■ Source material:
□ □ □ □ □

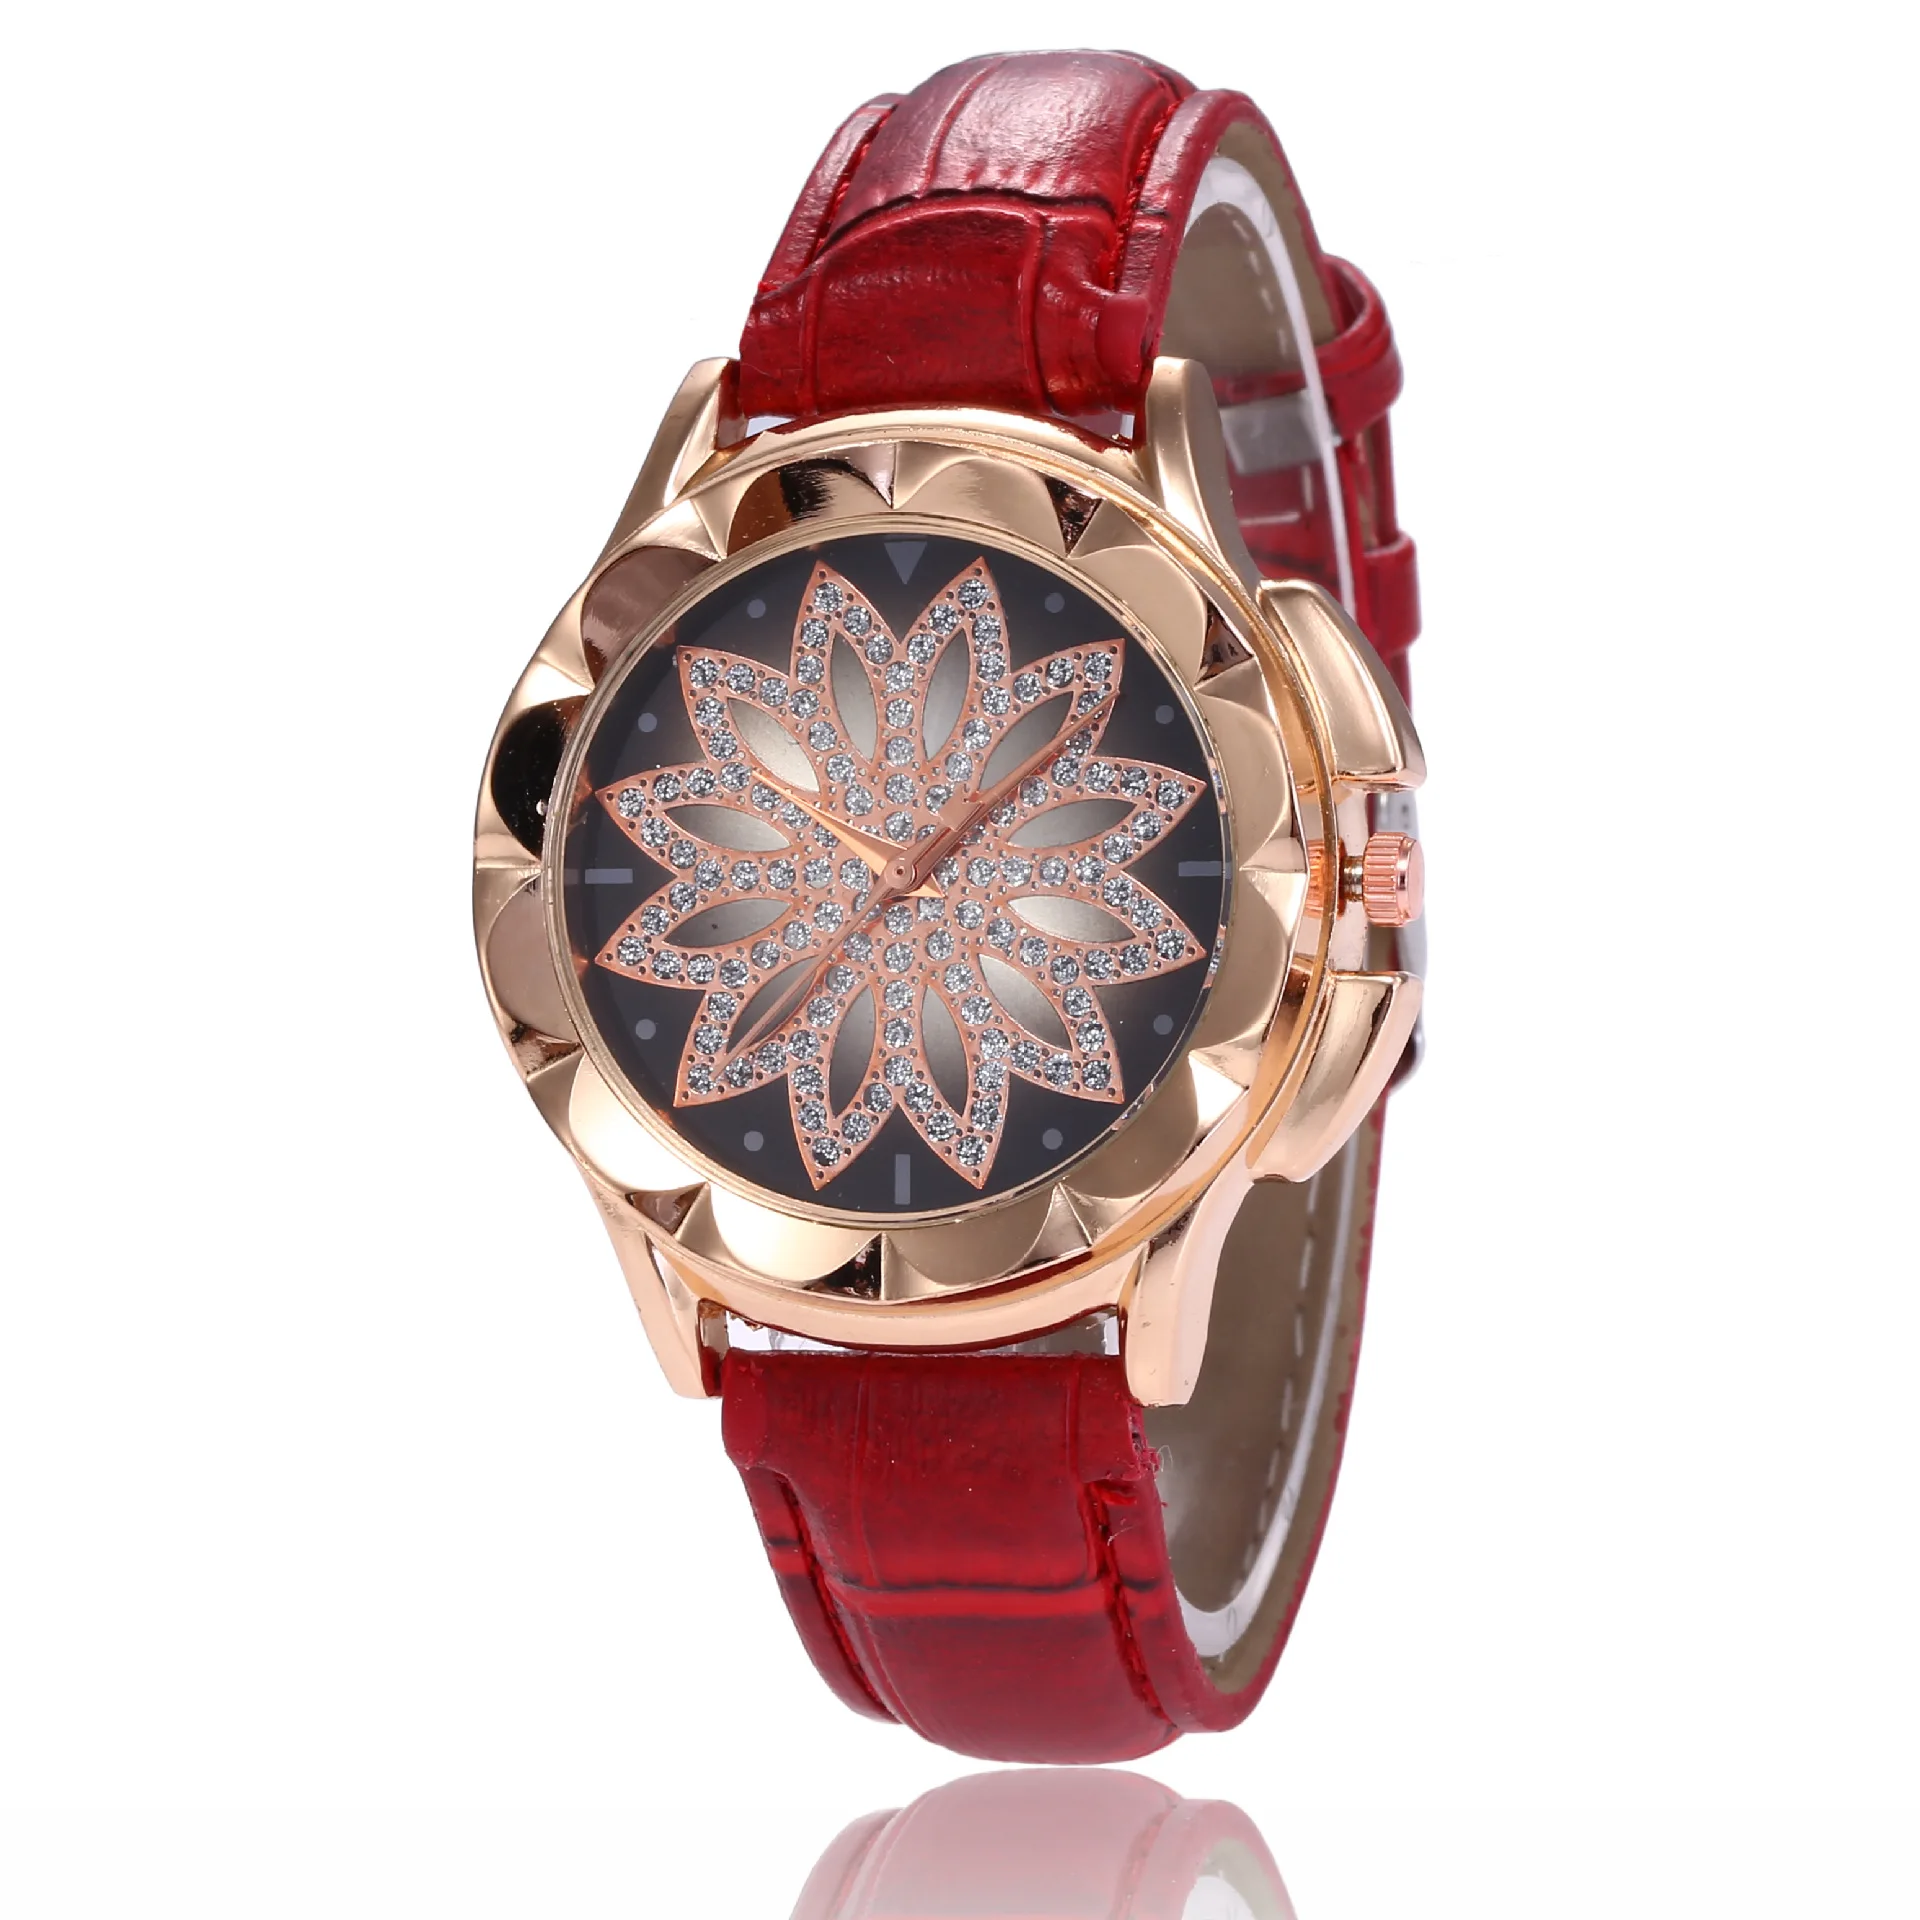 Reloj mujer женские часы лучший бренд женские часы цветок из розового золота горный хрусталь femme женские наручные часы relogio feminino
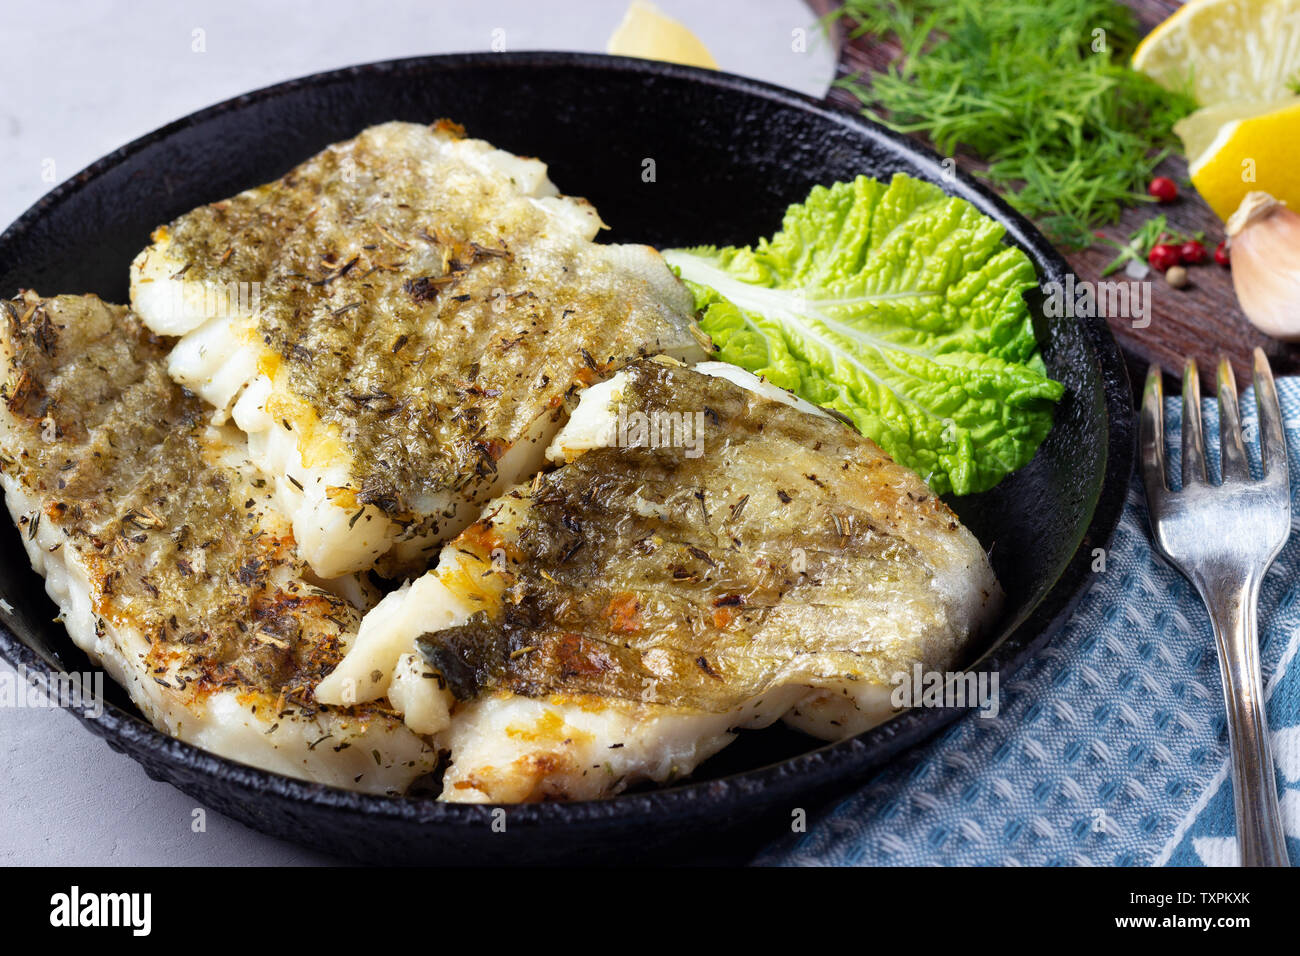 Morue frite filet de poisson aux épices dans une poêle en fonte Banque D'Images
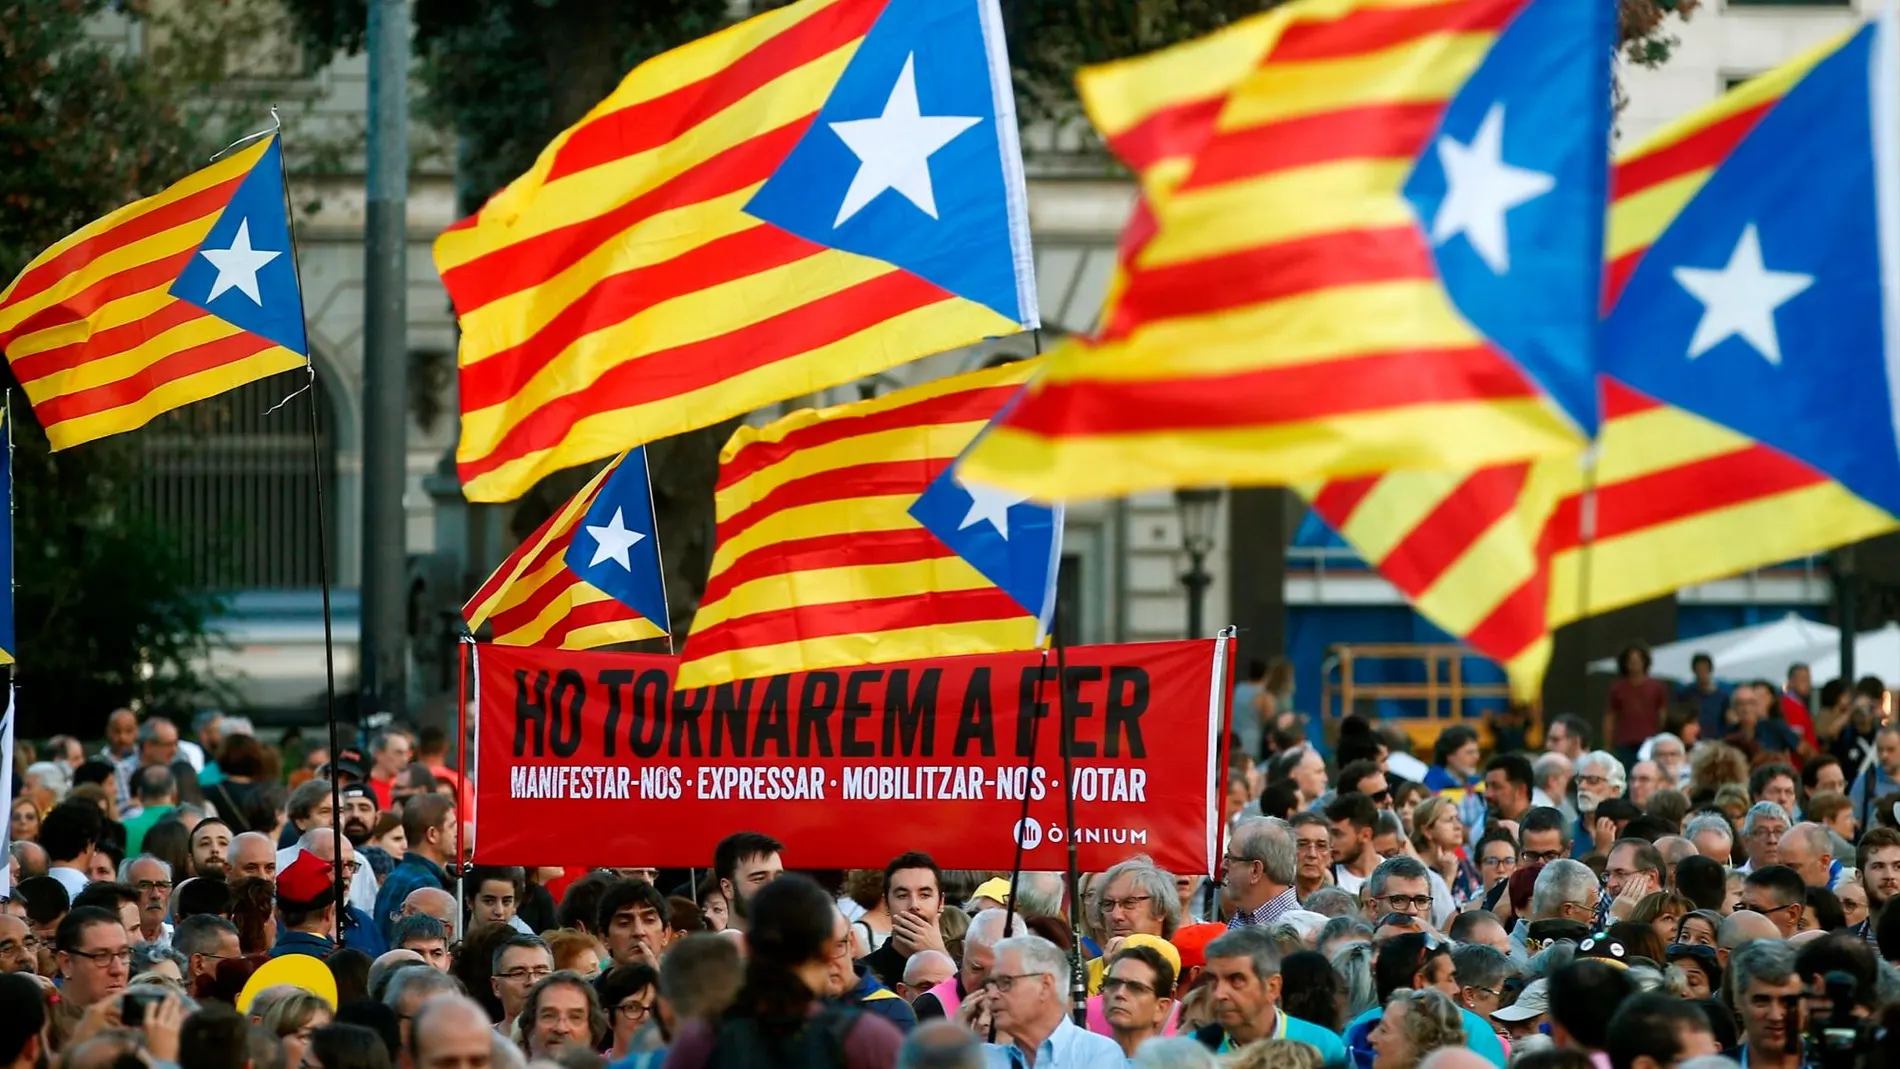 Manifestación en Barcelona convocada por la ANC bajo el lema "Acabemos lo que empezamos. Ganemos la independencia"/Efe

□ □ □ □ □

■ Directions:
Starting with the line that contains "Morue frite filet", give the lines again exactly as they appear through the last line of the data, pictures excluded.

■ Solution to the exercise:
 Morue frite filet de poisson aux épices dans une poêle en fonte Banque D'Images
 Manifestación en Barcelona convocada por la ANC bajo el lema "Acabemos lo que empezamos. Ganemos la independencia"/Efe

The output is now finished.